Reference: Kosuri, Pallav, et al. "Rotation tracking of genome-processing enzymes using DNA origami rotors." Nature 572.7767 (2019): 136-140.

[9] Niche stiffness underlies the ageing of central nervous system progenitor cells

Published in Nature, August 2019

Highlights: The study shows that tissue stiffness is a crucial regulator of ageing in OPCs, and provide insights into how the function of adult stem and progenitor cells changes with age. These findings could be important not only for the development of regenerative therapies, but also for understanding the ageing process itself.

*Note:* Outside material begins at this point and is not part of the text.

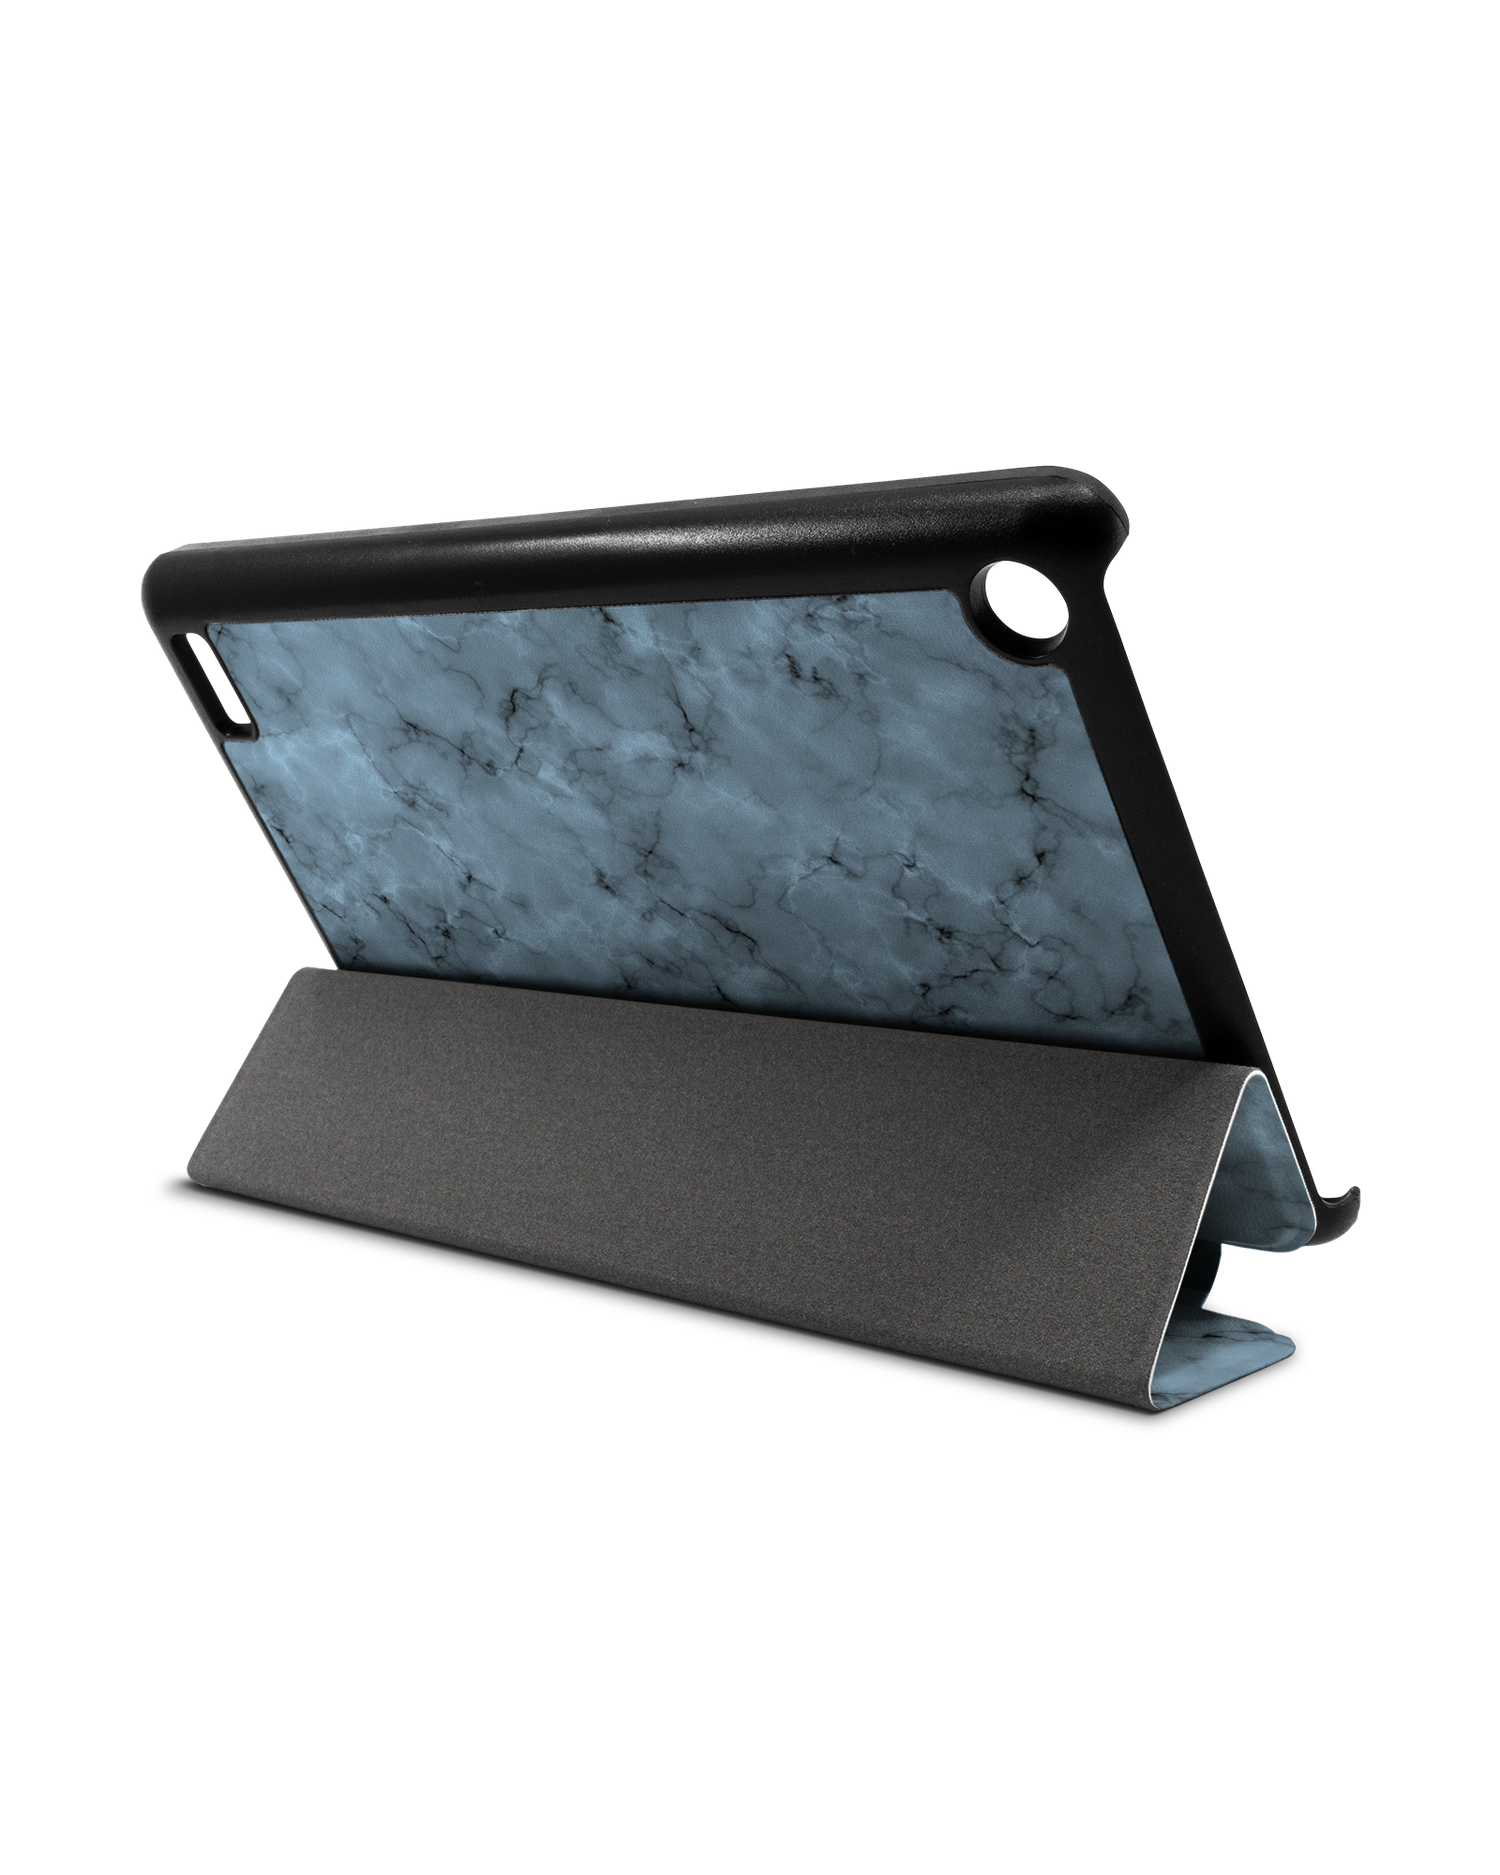 Blue Marble Tablet Smart Case für Amazon Fire 7: Aufgestellt im Querformat

In this study, the researchers show that the microenvironment of the central nervous system (CNS) multipotent stem cells known as oligodendrocyte progenitor cells (OPCs) stiffens with age, and this mechanical change is sufficient to cause age-related loss of function of OPCs.

Using biological and synthetic scaffolds to mimic the stiffness of young brains, they find that isolated aged OPCs cultured on these scaffolds are molecularly and functionally rejuvenated. When disrupt mechanical signalling, the proliferation and differentiation rates of OPCs are increased. They identify the mechanoresponsive ion channel PIEZO1 as a key mediator of OPC mechanical signalling. Inhibiting PIEZO1 overrides mechanical signals in vivo and allows OPCs to maintain activity in the ageing CNS. The researchers also show that PIEZO1 is important in regulating cell number during CNS development. Thus the study shows that tissue stiffness is a crucial regulator of ageing in OPCs, and provide insights into how the function of adult stem and progenitor cells changes with age.

Reference: Segel, Michael, et al. "Niche stiffness underlies the ageing of central nervous system progenitor cells." Nature 573.7772 (2019): 130-134.

[10] Decoding human fetal liver haematopoiesis

Published in Nature, October 2019

Highlights: Using single-cell transcriptome profiling technology, the researchers identify the repertoire of human blood and immune cells during development. The integrated map of fetal liver haematopoiesis provides a blueprint for the study of paediatric blood and immune disorders, and a reference for harnessing the therapeutic potential of HSC/MPPs.

Definitive haematopoiesis in the fetal liver supports self-renewal and differentiation of haematopoietic stem cells and multipotent progenitors (HSC/MPPs) but remains poorly defined in humans. In this study, using single-cell transcriptome profiling of approximately 140,000 liver and 74,000 skin, kidney and yolk sac cells, the researchers identify the repertoire of human blood and immune cells during development. They infer differentiation trajectories from HSC/MPPs and evaluate the influence of the tissue microenvironment on blood and immune cell development. They reveal physiological erythropoiesis in fetal skin and the presence of mast cells, natural killer and innate lymphoid cell precursors in the yolk sac, demonstrate a shift in the haemopoietic composition of fetal liver during gestation away from being predominantly erythroid, accompanied by a parallel change in differentiation potential of HSC/MPPs, which they functionally validate. The integrated map of fetal liver haematopoiesis provides a blueprint for the study of paediatric blood and immune disorders, and a reference for harnessing the therapeutic potential of HSC/MPPs.

Reference: Popescu, Dorin-Mirel, et al. "Decoding the development of the blood and immune systems during human fetal liver haematopoiesis." bioRxiv (2019): 654210.